__EXERCISE OBJECTIVE__.
Take the line with "Conjunto de design" and every line after it, through the end of the listing, and give them again exactly, pictures excluded.

__DATA EXCERPT__.
────

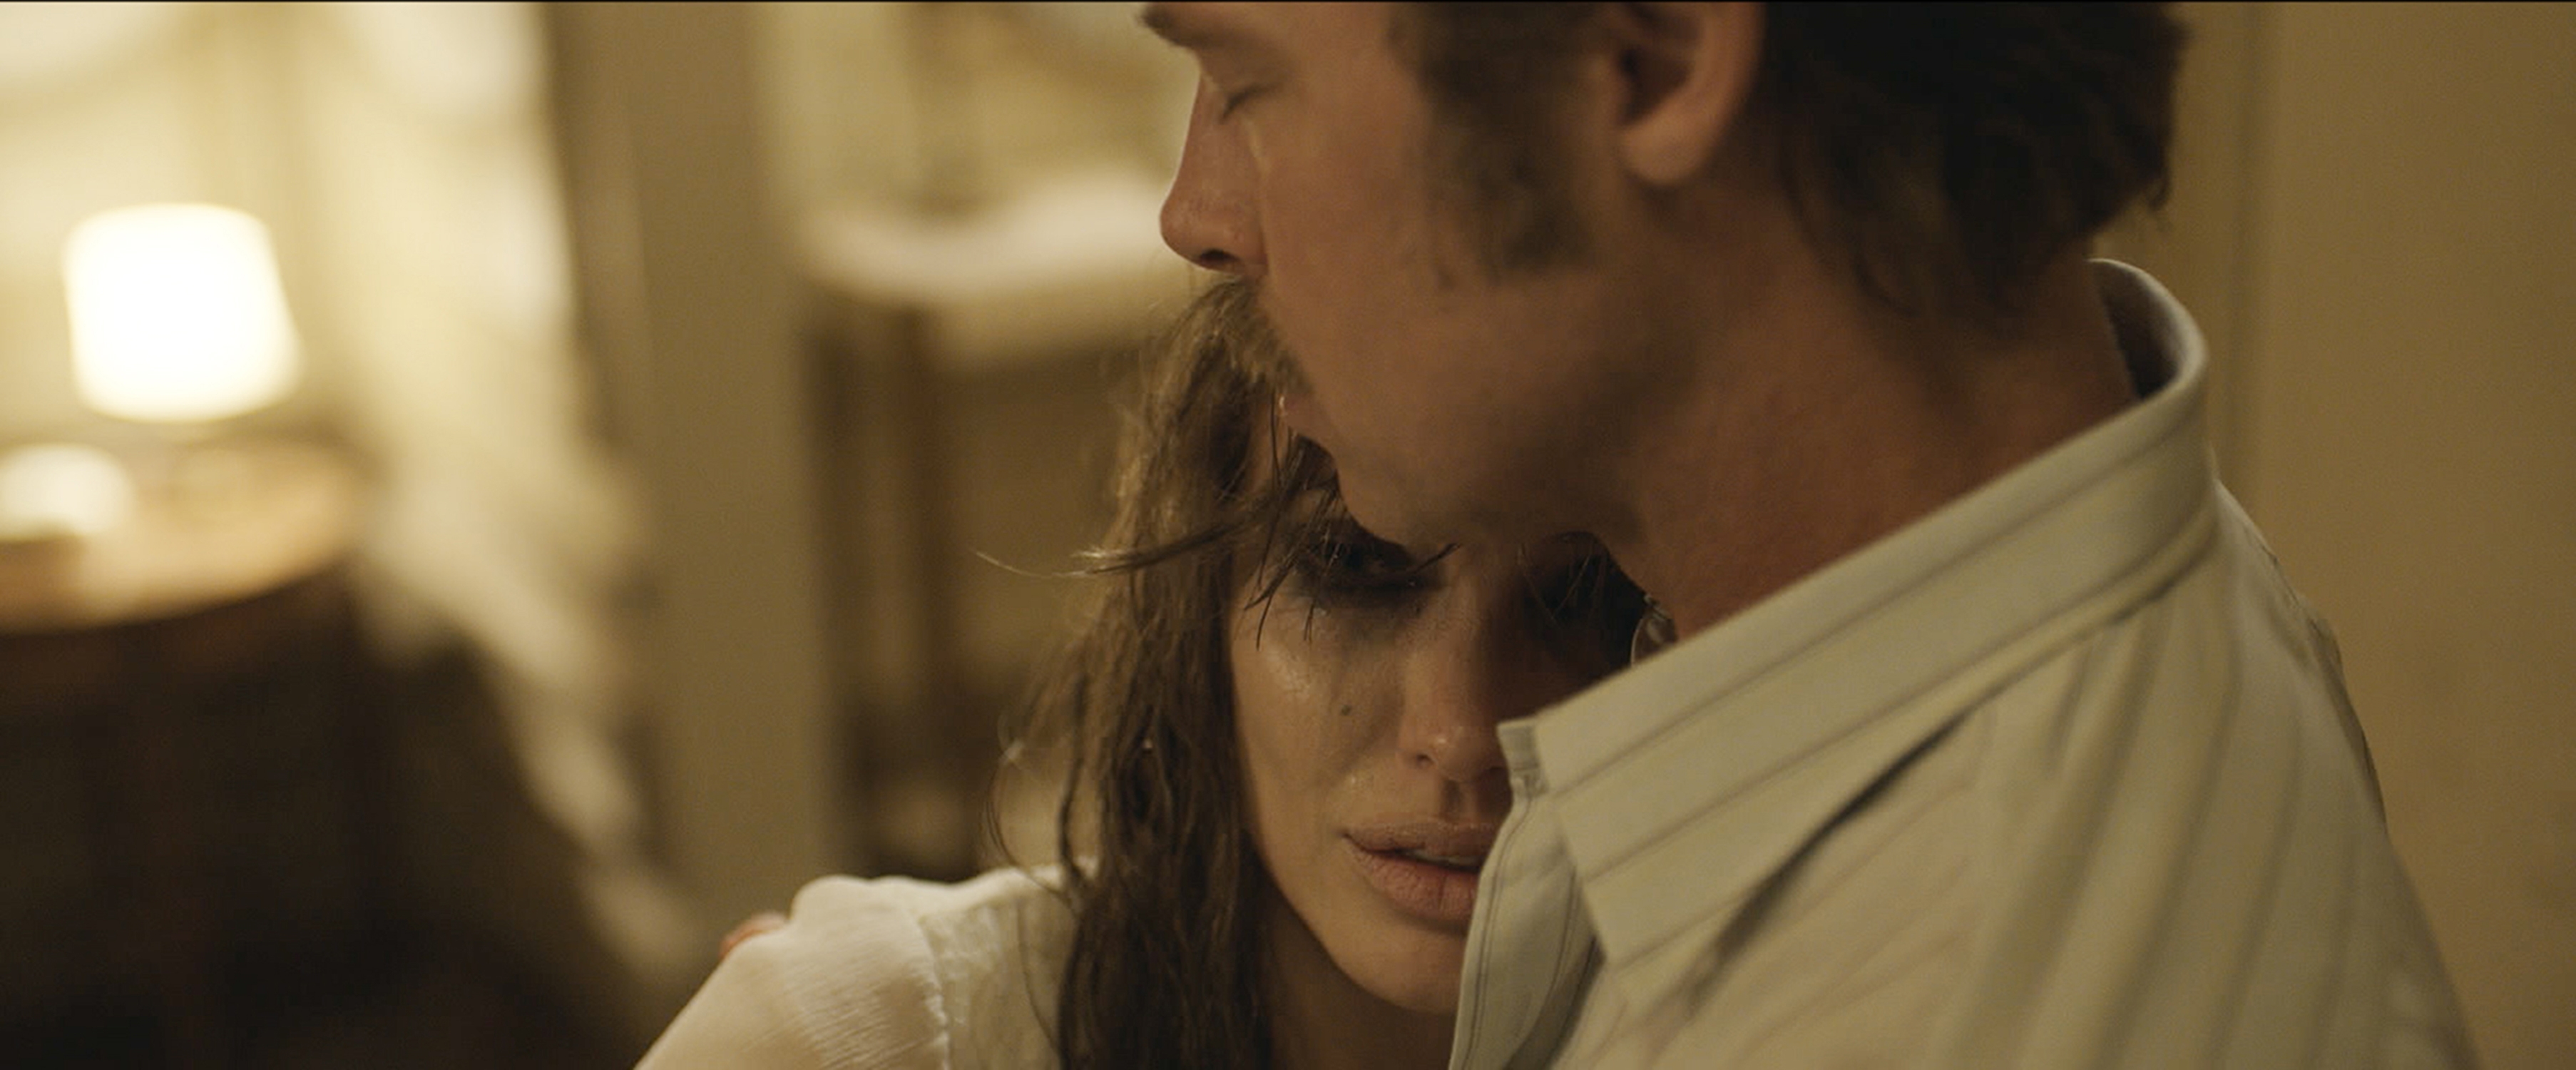 Jolie i Pitt u traileru za "By The Sea"
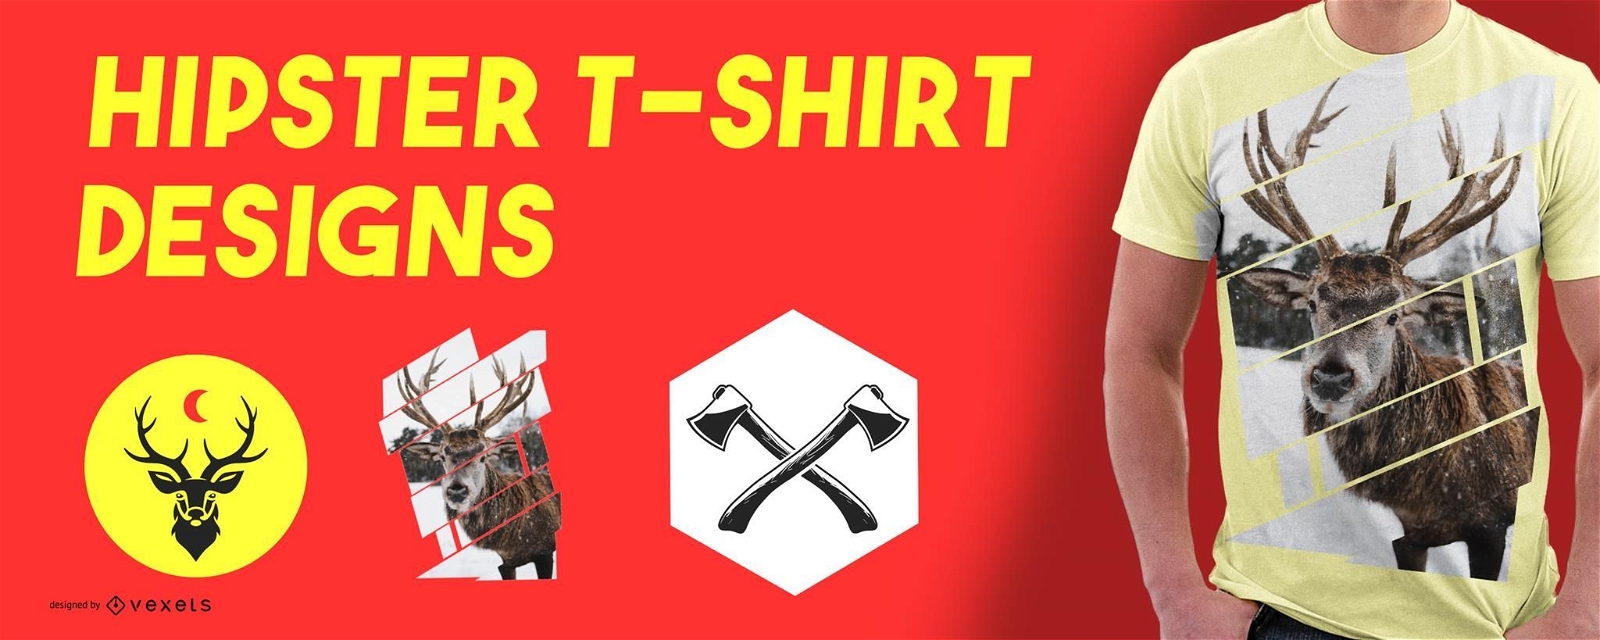 Conjunto de design de camisetas com elementos hipster
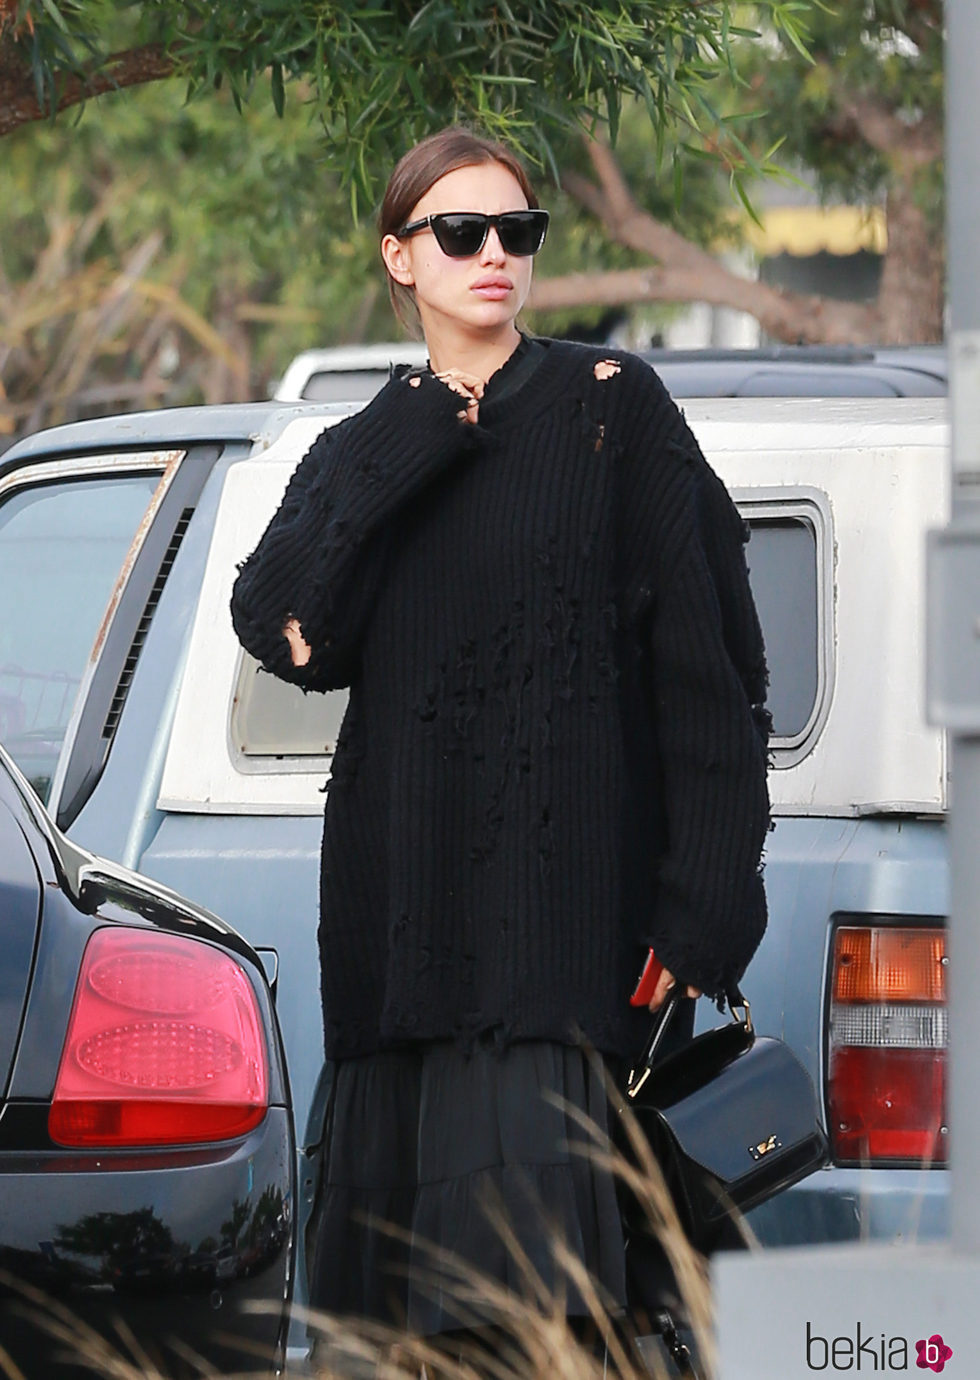 Irina Shayk con un jersey negro en Los Ángeles

────

__EXERCISE ANSWER__.
 Conjunto de design de camisetas com elementos hipster
 Irina Shayk con un jersey negro en Los Ángeles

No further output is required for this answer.